FIG. 18 is an explanatory diagram showing a data selection location display screen example 1. The acquired document 11 is displayed on the data selection location display screen 1800. Each frame of the displayed document 11 is associated with a node of the multiple hypothesis document structure network 12. When the undesired item name character string candidate is selected in FIG. 18, the document processing apparatus 200 reads the search result 900 for the selected undesired item name character string candidate from the memory 205 or the auxiliary storage device 206, and selects the data selection location. It is displayed on the document 11 on the display screen 1800.

For example, in FIG. 17, when the user selects the undesired item name character string candidate “D22” having the highest reliability in the entry e8 of the data selection screen 1700 in FIG. 17, the undesired item name character string “D22” in FIG. ”Specifies the search result by associating the dotted rectangle and the arrow with the search result.

FIG. 19 is an explanatory diagram showing a data selection location display screen example 2. FIG. 18 illustrates the case where the user selects the undesired item name character string candidate “D22” having the highest reliability in the entry e8 of the data selection screen 1700 of FIG. FIG. 19 shows an example of a data selection location display screen 1900 when the user selects the undesired item name character string candidate “D23” having the third highest reliability in the entry e8 of the data selection screen of FIG.

In this case, the non-desired item name character string designated by the desired item name character string “type B” and the desired item name character string “Water” should be “D22”, but becomes “D23” in FIG. Therefore, it is possible to visually grasp that it is not appropriate to associate “D23” with the hierarchical item name string “device X → temperature → type B → water”.

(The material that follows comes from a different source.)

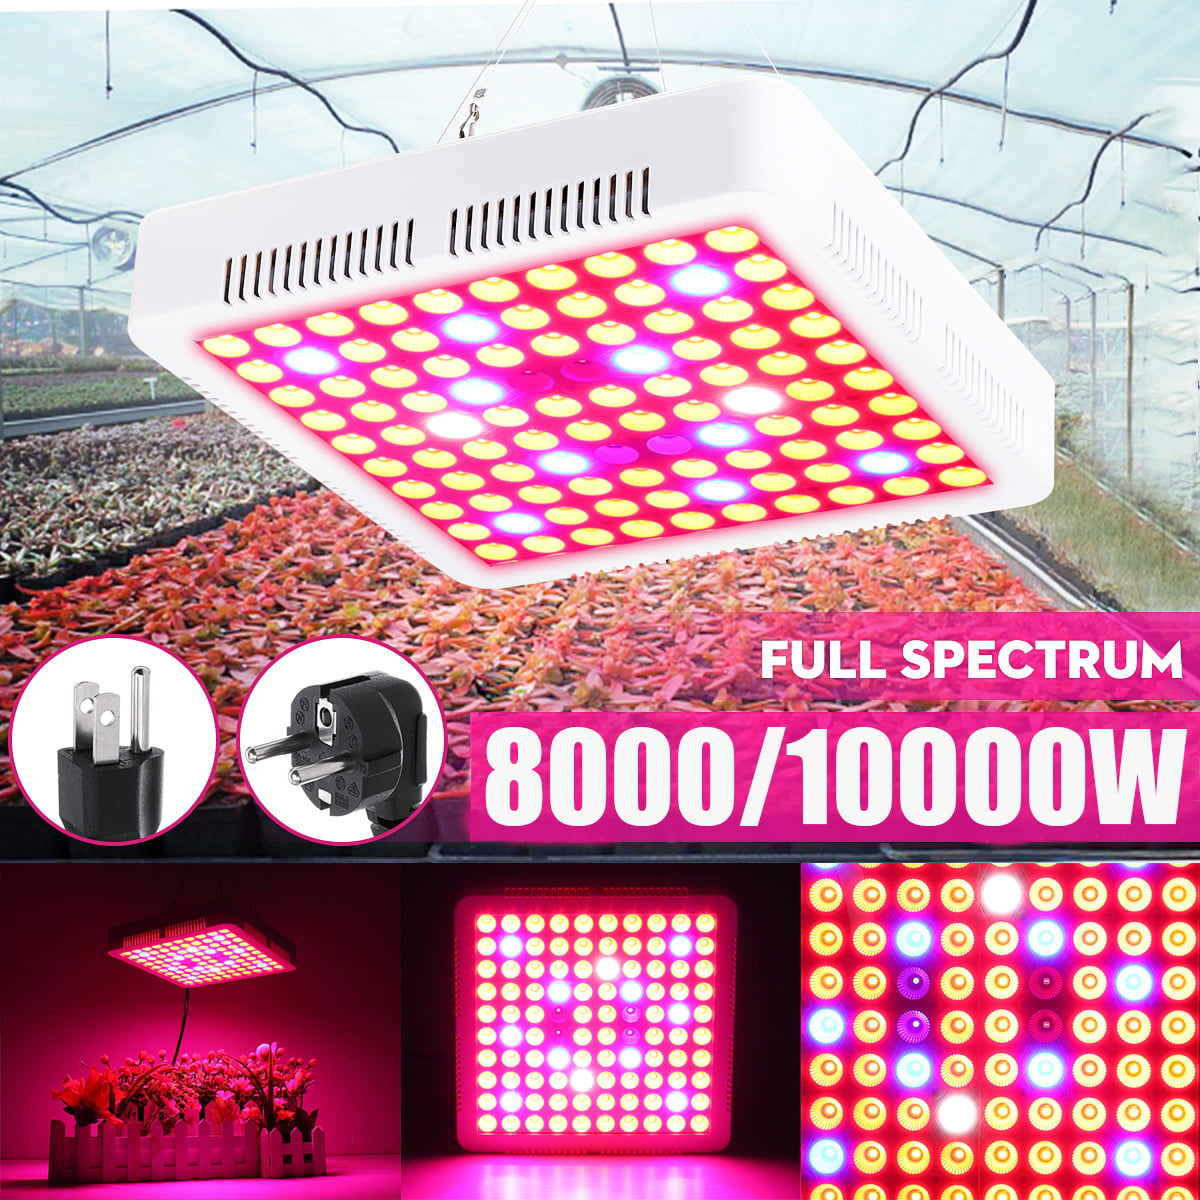 Details about   4x E26 E27 LED Grow Light Bulb Full Spectrum Lamp IR for Indoor Plant Veg Bloom

<Functional Configuration Example of Document Processing Device 200>
FIG. 20 is a block diagram illustrating a functional configuration example of the document processing apparatus 200. The document processing apparatus 200 includes an acquisition unit 2001, a layout analysis unit 2002, a character string determination unit 2003, a document structure network generation unit 2004, an item data correspondence sequence generation unit 2005, an association unit 2006, and an output unit 2007. Have. Each of the components 2001 to 2007 realizes its function by causing a processor to execute a program stored in the memory 205 or the auxiliary storage device 206 shown in FIG.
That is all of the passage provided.